Over the years, I’ve provided a number of customers with QoS configurations in support of IP Telephony (IPT) and IP VideoConferencing (IPVC), generally non-Cisco. I’ve been working recently with a couple of customers with some Microsoft Unified Communications (MS UC) at their site (Microsoft OCS, Office Communications Server), sometimes brought in by Nortel with Microsoft sales people now positioning to take over UC at the site, eventually.

(That begs the question of whether MS OCS is really enterprise-class. I’ll leave questioning that to the Cisco and Avaya sales persons and their competitive analysis sales documents. MS seems to be moving in that direction.)

What I’m seeing now is increasing use of MS UC, either softphone or video messaging services. This is also happening with sites buying Tandberg Movi, basically fancy cameras and PC software to video-conference out of the PC. For that matter, Cisco UC sites run softphones or Cisco cams too.

The challenge is providing QoS for such “wild” IPT / IPVC (IP Telephony / IP Video Conferencing) endpoints. (Some people like the term “IP-VTC” = IP Video Teleconferencing — I lost my “tele’s” a while back.) One answer is “they’re wild and uncontrolled, so no QoS”. MS UC seems to sell with the pitch being roughly “you don’t need all the heavy lifting of QoS”, but then I’m told the documentation turns right around and says, in effect “but it would be a good idea to use QoS to provide the best quality voice”. I don’t see “no QoS for wild endpoints” as being a particularly viable answer in most organizations.

This article discusses the QoS-related issues I see.

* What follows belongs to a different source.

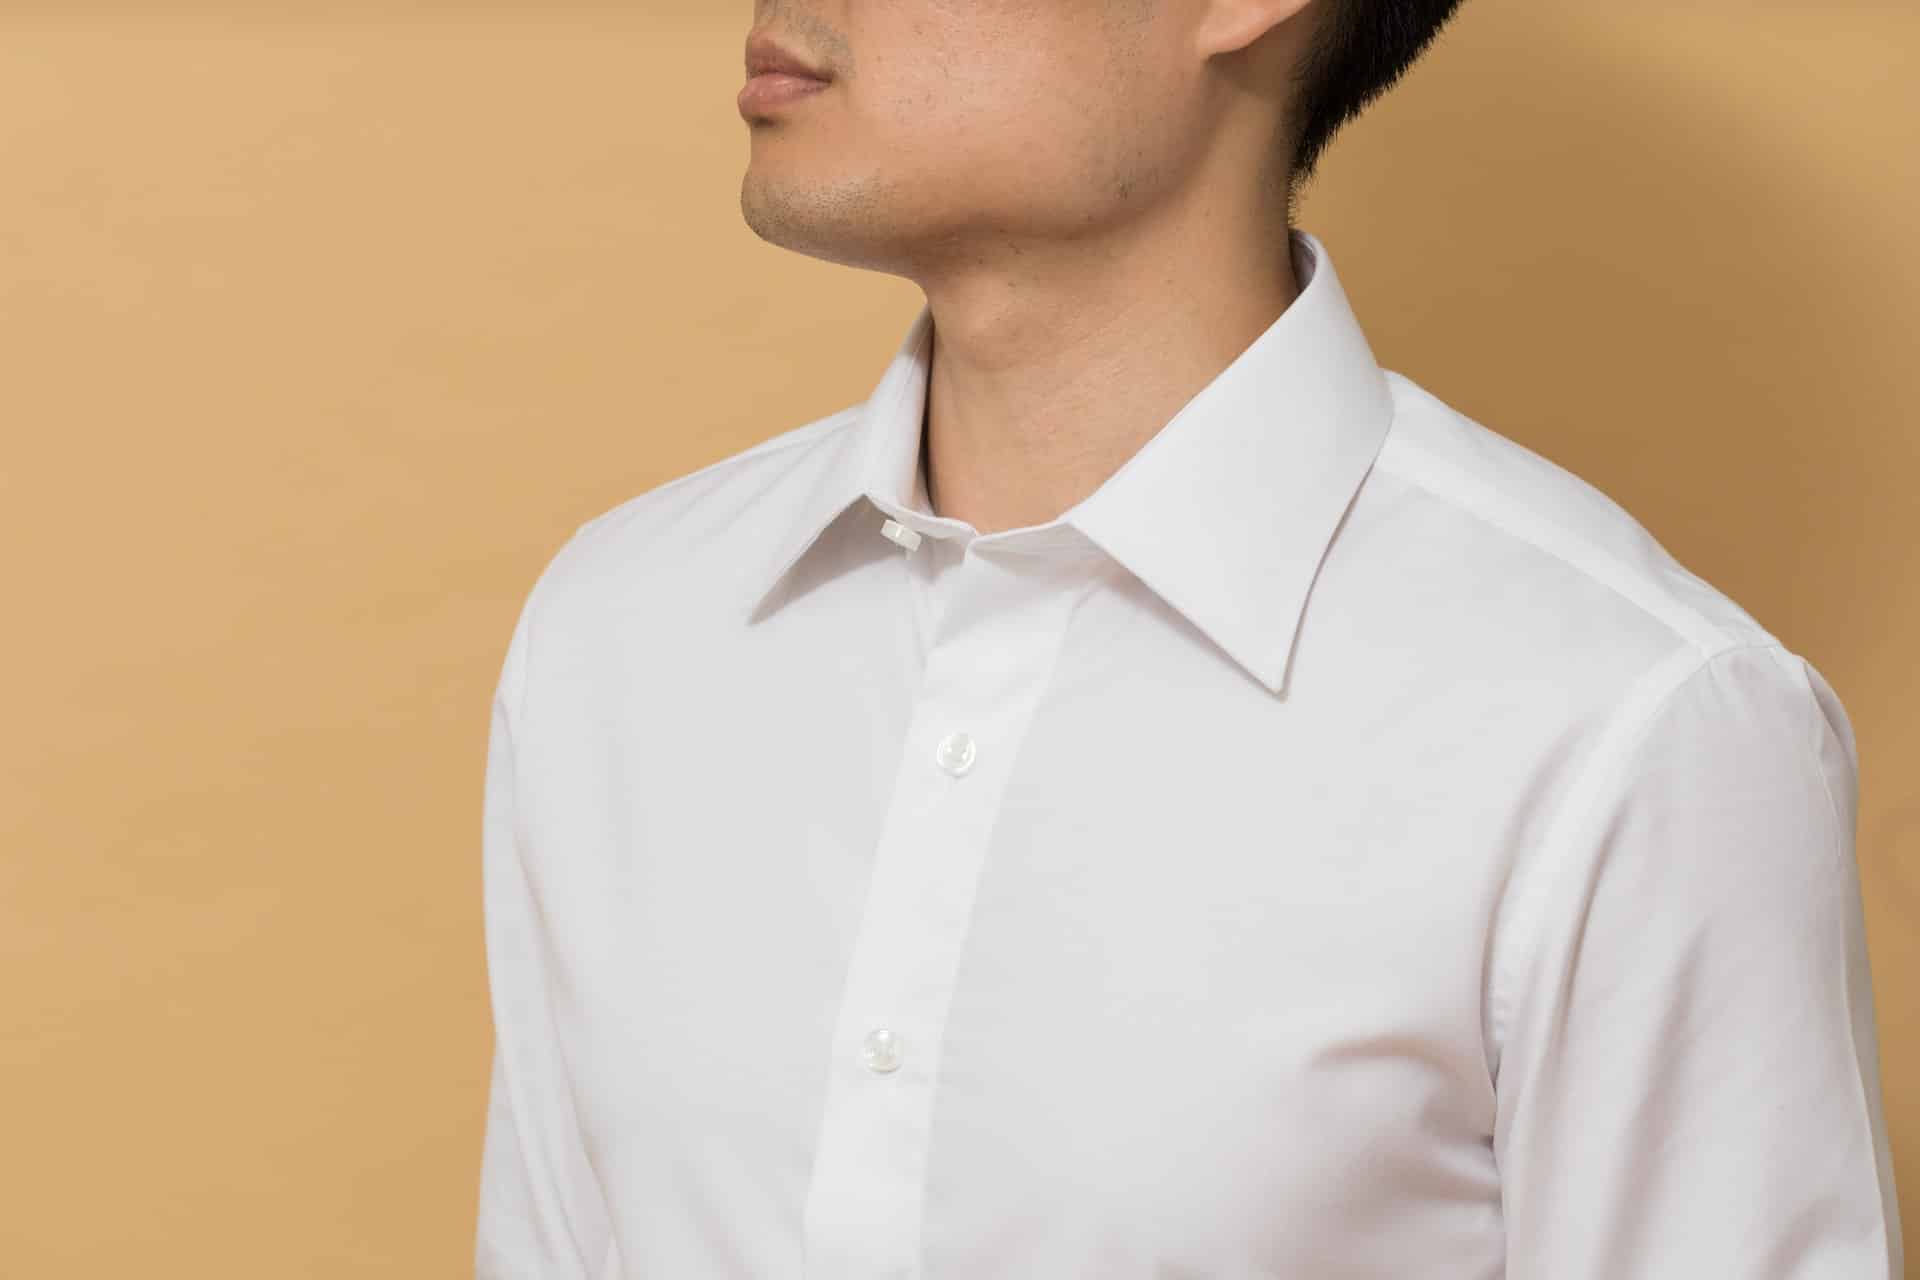 Images of a man in a white collared shirt against orange background - What are white collar crimes

I’m hoping to start a discussion, and would love it if you read this, feel you have an insight or solution, and use the Comments capability to pass it on!

Standard QoS

Sites in need of QoS will have QoS Classification and Marking configured at a Trust Boundary by the time I’m done there. Away from the LAN edge, we use the DSCP markings with default or Cisco QoS SRND-based queuing in switches, and with bandwidth-aware QoS configs in the WAN routers. Generally, for links over T1 speed, we try for a percentage-based approach, one size fits all, to keep maintenance simple. Since we’re not policing or shaping, any “higher priority” bandwidth” left over can be used for the “lower priority” traffic classes. When the contracted WAN speed doesn’t match the link speed, we use a hierarchical QoS approach, shaping to the contracted speed, with the child policy feeding that and controlling how the bandwidth is used. All pretty standard stuff, although I like to think I / we provide good value in helping sites get quickly through the maze of configuring QoS properly — it is a bit confusing if you haven’t done it before.

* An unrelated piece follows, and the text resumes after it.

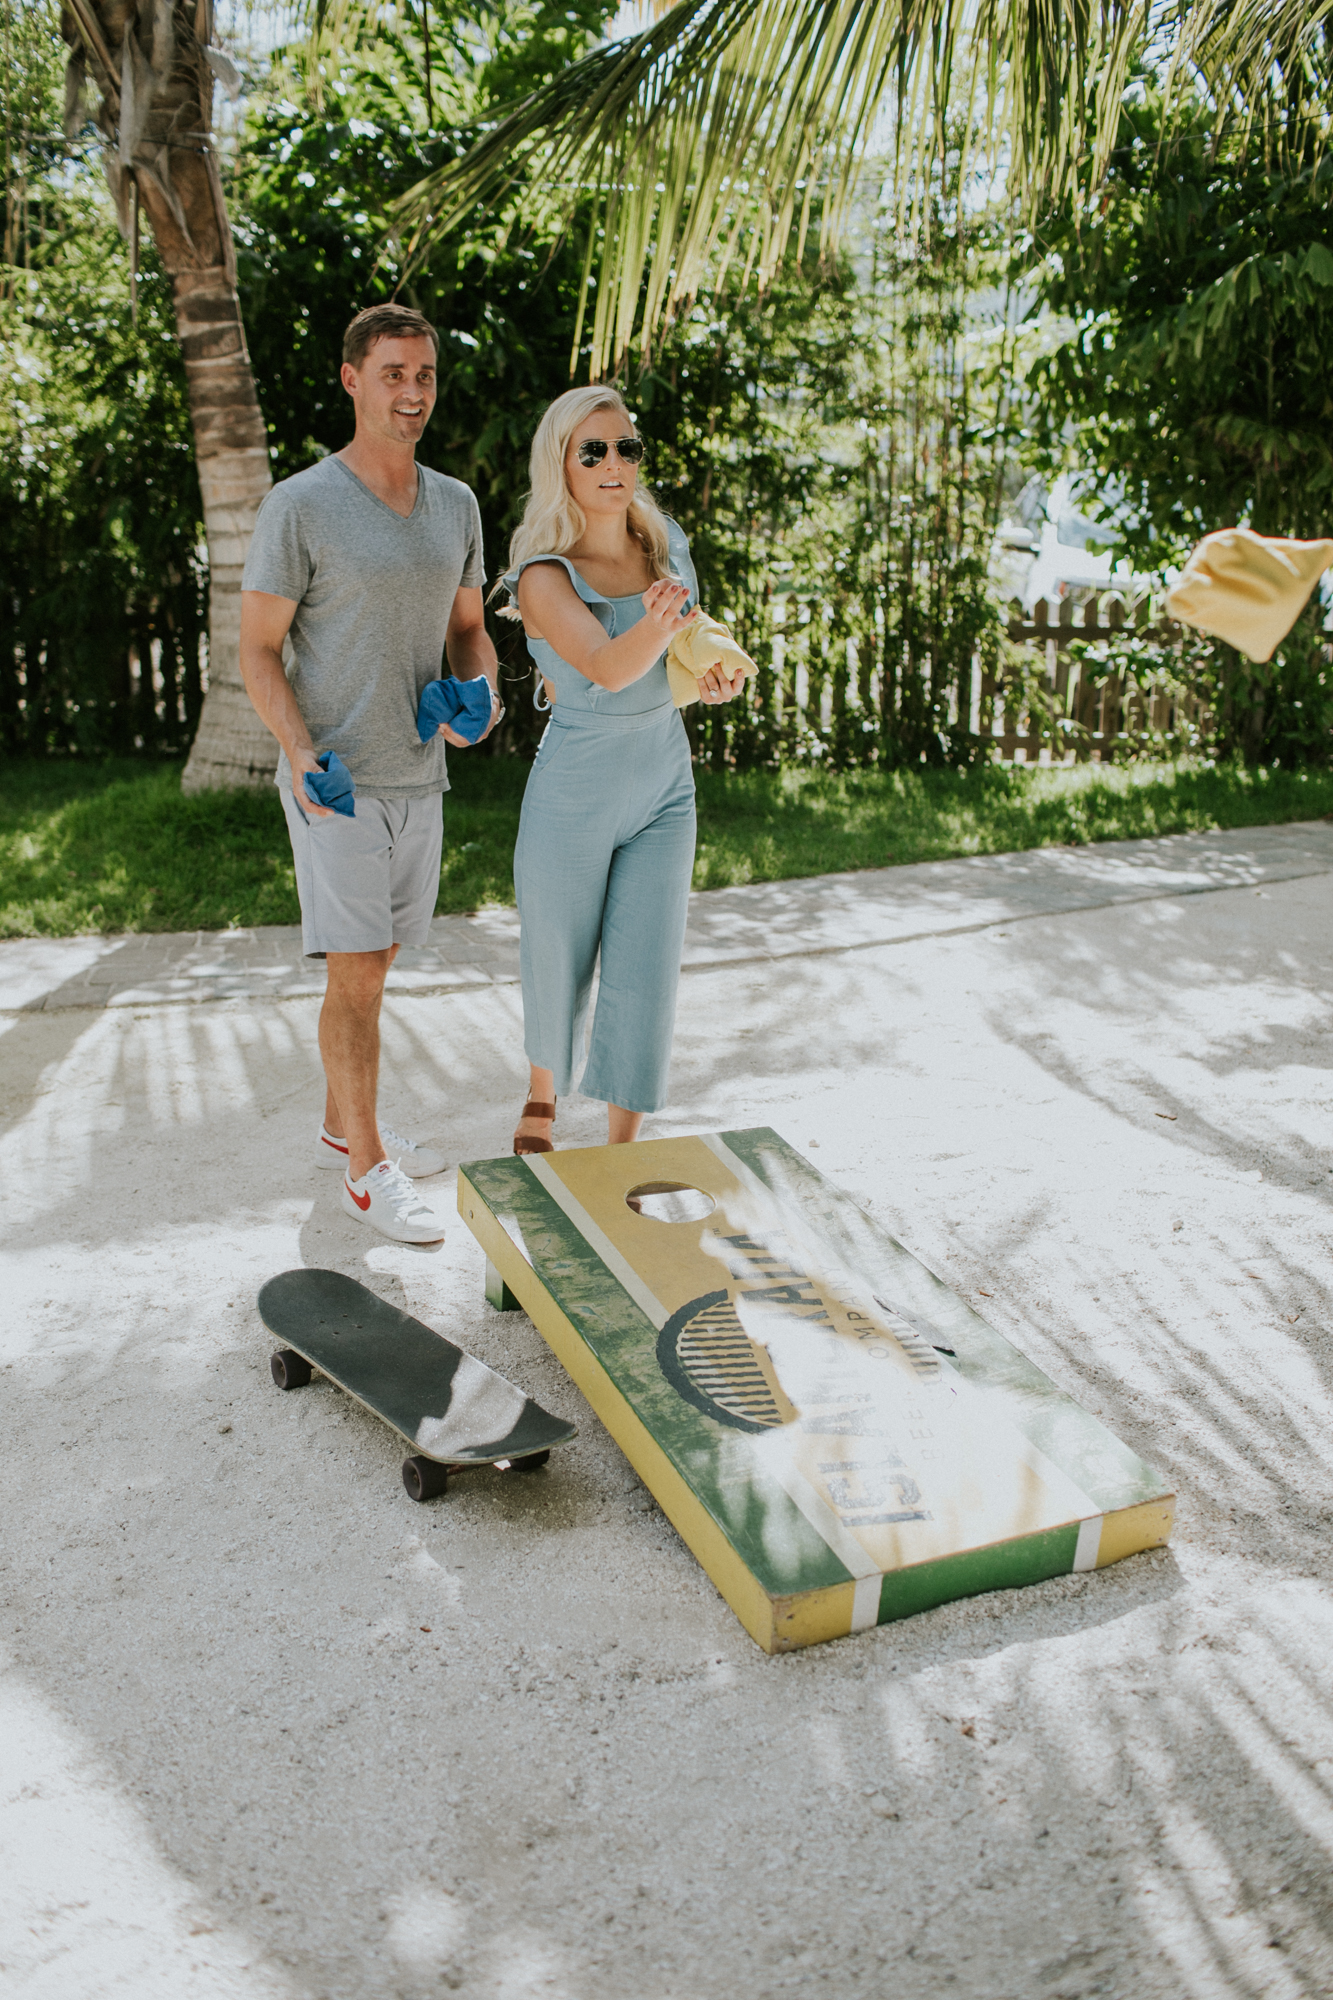 Cornhole game during an engagement shoot in the florida keys

Vendors, including Cisco, seem to expect the network to trust DSCP markings coming from the endpoint. I’m fine with that when it is a controlled endpoint, e.g.a  Cisco phone or an IP PBX Call Server, where I know the markings will be right. I appreciate things like a voice (or IPVC) VLAN, where only IPT/IPVC devices should be on it (perhaps with some DSCP MAC-based controls). They give me better control over (and simpler) ACLs for QoS and voice security.

I have serious problems trusting PC’s, however. Who knows what DSCP settings application programmers might have used, perhaps to try to make their applications look good (perform better under congestion conditions)? And if traffic is coming off a PC, how the heck are we supposed to provide it with voice security?

QoS for IPVC

For quite a while, when I consult on QoS at a site, I have to decide whether to trust markings from the Tandberg / Polycom IPVC endpoints or Nortel and Avaya PBX’s. I usually do not trust them. Do you?

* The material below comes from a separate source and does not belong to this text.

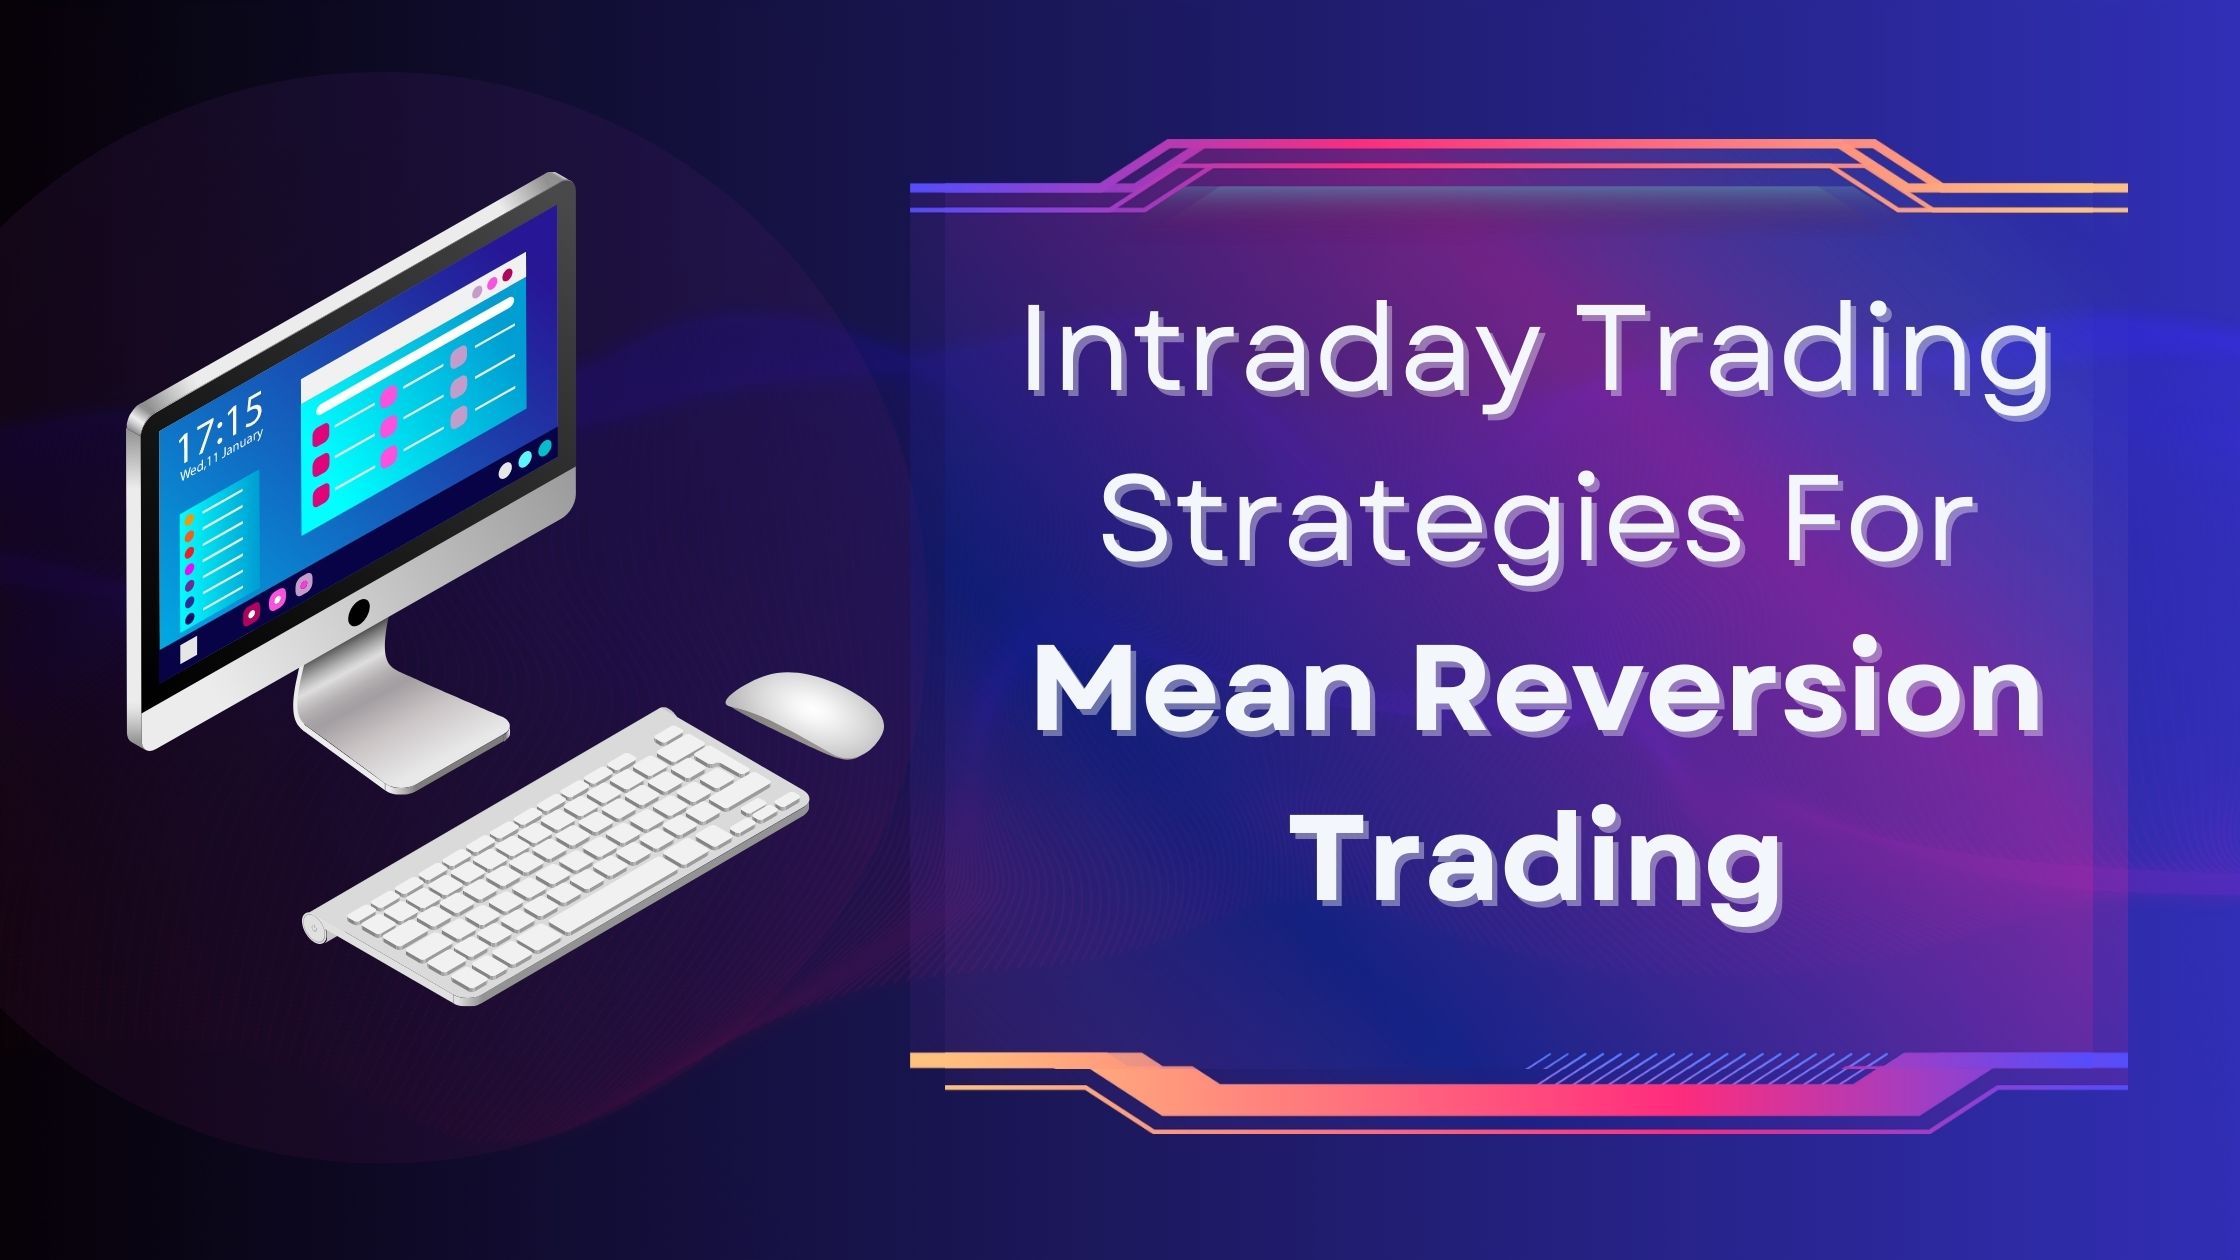 Intraday Trading Strategies: Mean Reversion Trading

With Nortel and Avaya IP PBX (Call Server) TLAN and ELAN or CLAN, that’s no problem, I usually just remark traffic coming off the PBX VLANs based on port matching (media or signaling).

With fixed IPVC endpoints, be they Tandberg or Polycom), I do some RTFM (“Read the Fine Manual”), do some packet capture for sanity check, and similarly just do IP and port matching and mark accordingly. In a couple of cases, we’ve put the IPVC into the last say 16 or 32 addresses in the voice VLAN. With well-thought out addressing, matching the high end of all voice VLANs takes one ACL statement (times however many TCP or UDP ports the product in question uses). It takes a day or three to check the docs, get and check the packet capture, and build the QoS ACLs. And longer to deploy the QoS, which is usually some mix of me/us and the consulting customer doing it.

Special case: with Cisco UC, especially if our UC guys have set it up, I know it’s right. And I haven’t really run into sites where someone else set up their Cisco UC.

By the way, it does appear MS handsets (Microsoft Office Communicator Phone Edition) can be set to learn a voice VLAN via DHCP and use it. See the References below.

Keeping Control

The reason I have taken the above approach, re-marking at the edge, is that I know it is right and I know that it will remain right, barring major VLAN / addressing shifts at the site, which are rather unlikely. I can easily imagine such things happening when upgrades occur. The same can happen with DSCP values, Avaya and Nortel having historically preferred CS6 where Cisco uses the correct DSCP value, EF. I’ve also seen cases where the phones’ DSCP wasn’t being set, apparently due to a contractor missing a field in the PBX setup GUI.

I’ve also seen cases where the N-th Avaya PBX got installed, the contractor didn’t get told the UDP port range, it used ports outside the site’s preferred range, and so some voice was not correctly marked. That is one reason I use packet capture to check what is actually configured. When I build a QoS edge remarking policy, I document things like media port ranges (ports like those for H.323 or SIP are highly unlikely to change), and explain to the network staff the necessity of thinking in terms of a “contract” between them and the IPT staff. By remarking at the edge, you know that inbound traffic is remarked, except if the port contract is violated.

Yes, if there’s a problem, whether you trust the PBX markings or do remarking, you’re going to be doing packet capture, and looking at UDP ports and DSCP markings. But with remarking, I know that an error by the PBX admin is unlikely to flood the network with EF-marked traffic, or to leave the bulk of IPT traffic unmarked or strangely marked. So I try to minimize the window of opportunity for the IPT or IPVC traffic to go unmarked or mis-marked.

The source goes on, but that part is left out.